After two years, a full university post still eluded him and he settled for teaching at a high school in Leipzig; father had been right. A university was still his aim, but meanwhile teaching gave some time for scientific research.

Braun had already experimented with electrical conduction through elec-trolytes and salts and he now studied earlier work on conduction through mineral crystals. He solved the vexing problem of making contacts to the crystals by an example of what was to become his elegant experimental style. He simply bent two silver wires. One became a ring which supported the crystal; the other became a spring whose point pressed onto the crystal. It was a near-perfect set-up for the discovery of the point-contact crystal rectifier. Just when he discovered rectification is not known, but he announced it on the 23rd November, 1874; "the resistance varies according to current direction, intensity, and duration," he wrote. At first the discovery did not make a big impact in scientific circles, though Arthur Schuster repeated the results at Cambridge with clean and oxidized copper wires.

Two years later, Braun expressed his work as departures from Ohm's Law. He recognized that the effect took place at the surface of the crystal, that a point contact was needed, and that it happened very rapidly (in less than l/500th second).
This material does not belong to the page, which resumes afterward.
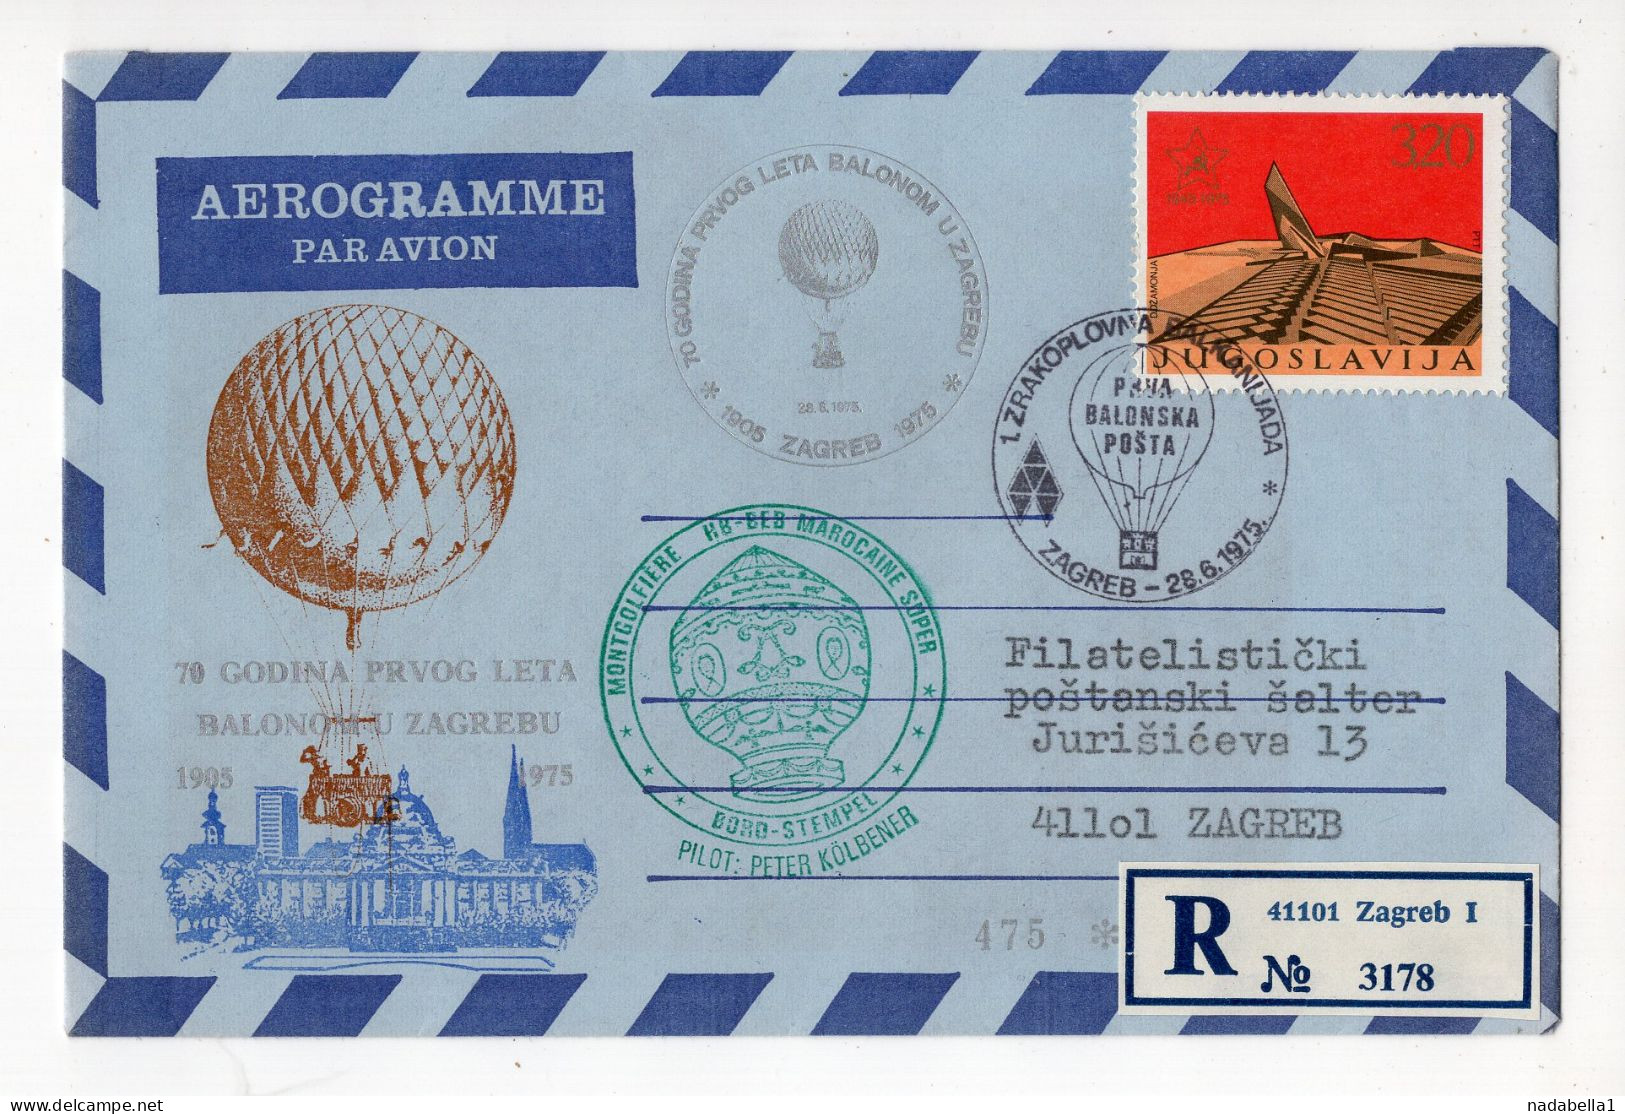 1975. YUGOSLAVIA,CROATIA,ZAGREB,AEROGRAM,AIRMAIL,BALLON POST 70th ANNIVERSARY - Luftpost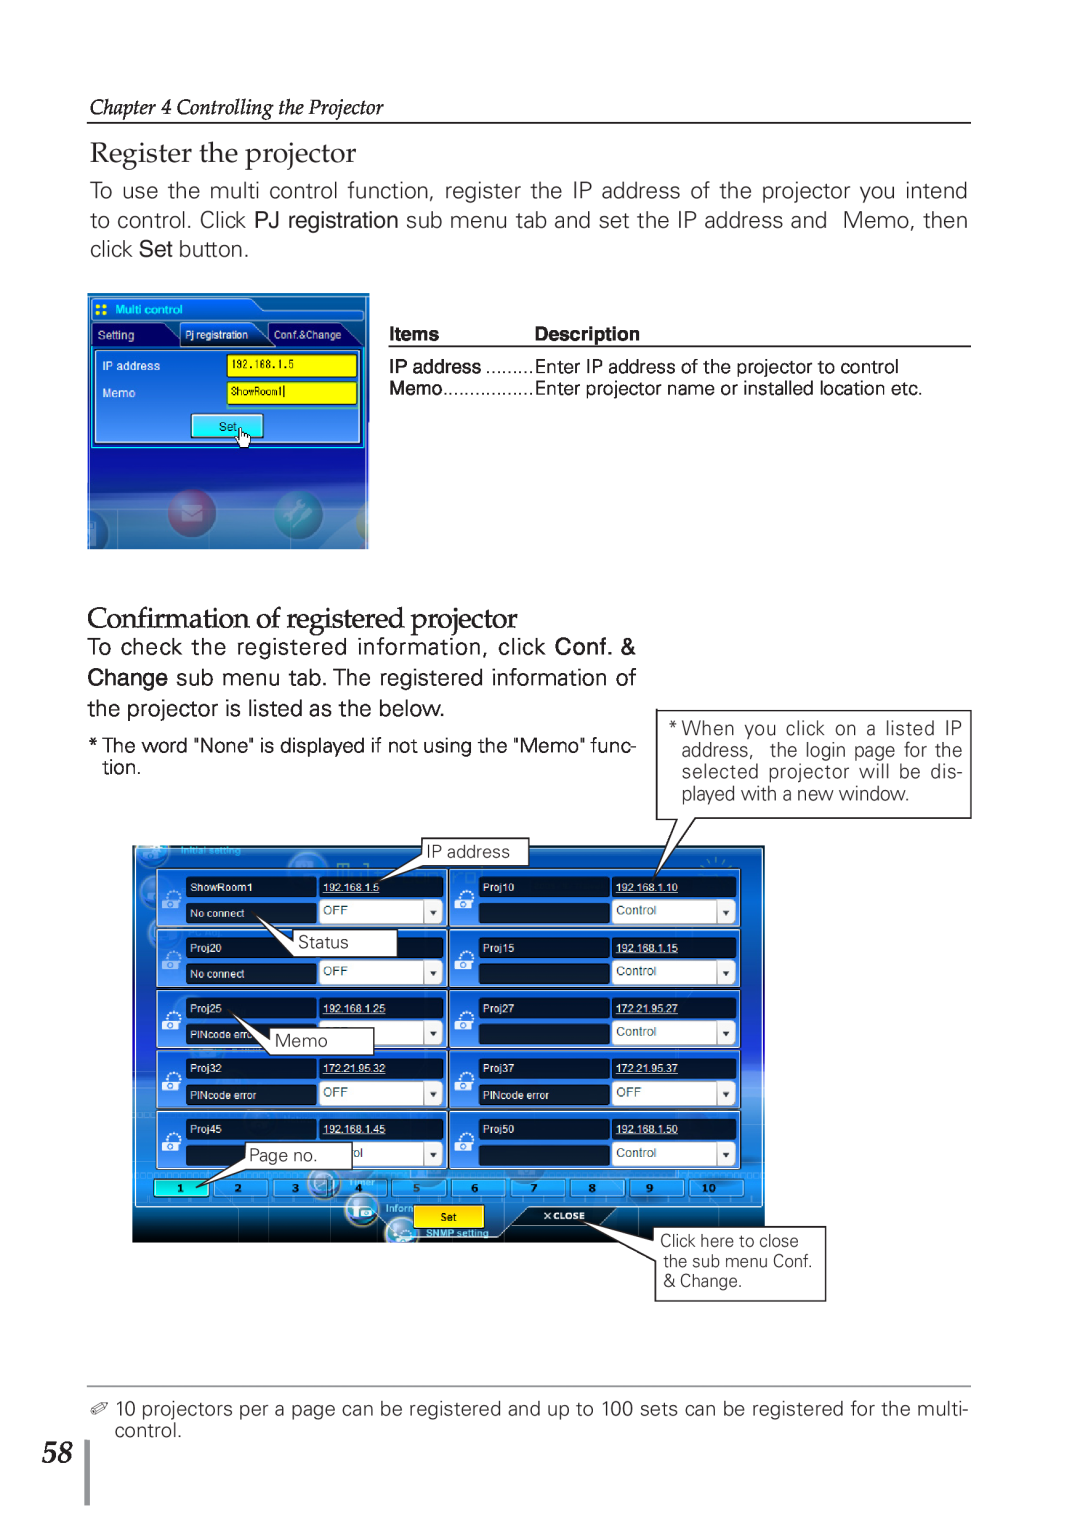 Eiki PJNET-300 owner manual Register the projector, Confirmation of registered projector

It was 30 years before an important application was found, as a crystal detector for radio receivers.

The word rectification now has implications which go beyond the original discovery. What Braun discovered was that there are experimental set ups in which a direct flow of electricity is conducted better in one direction than the other. When he made his fourth and last publication on the rectifier effect in 1883 he was able to refute every accusation of experimental error and to extend the observations to alternating current. His last observation showed that the effect held true even for very short pulses of current.

The latter experiments took place at Strasbourg University, which he joined as an associate professor in the spring of 1880, having held a similar position for three years at Marburg after leaving his teaching job in Leipzig. For a number of years he played musical academic chairs as he strode along the path of success from university to university. The next move was to a full professorship at the Technical University of Karlsruhe (1883), then to Tubingen (1885), and back to Strasbourg (1895).

It was at the time of the move to Tubingen that he got married. He and his wife, Amalie, set up house in the castle that was the physics institute. Unlike the domestic quarters the laboratory was in the unheated castle tower and subject to the vagaries of the weather; in winter the temperature hovered for weeks at -1°C. Braun's replacement at Karlsruhe was fortunate in inheriting a spacious lab in which, three years later, he performed the most famous experiments ever carried out there; his name - Heinrich Hertz. Braun meanwhile set about getting a new lab.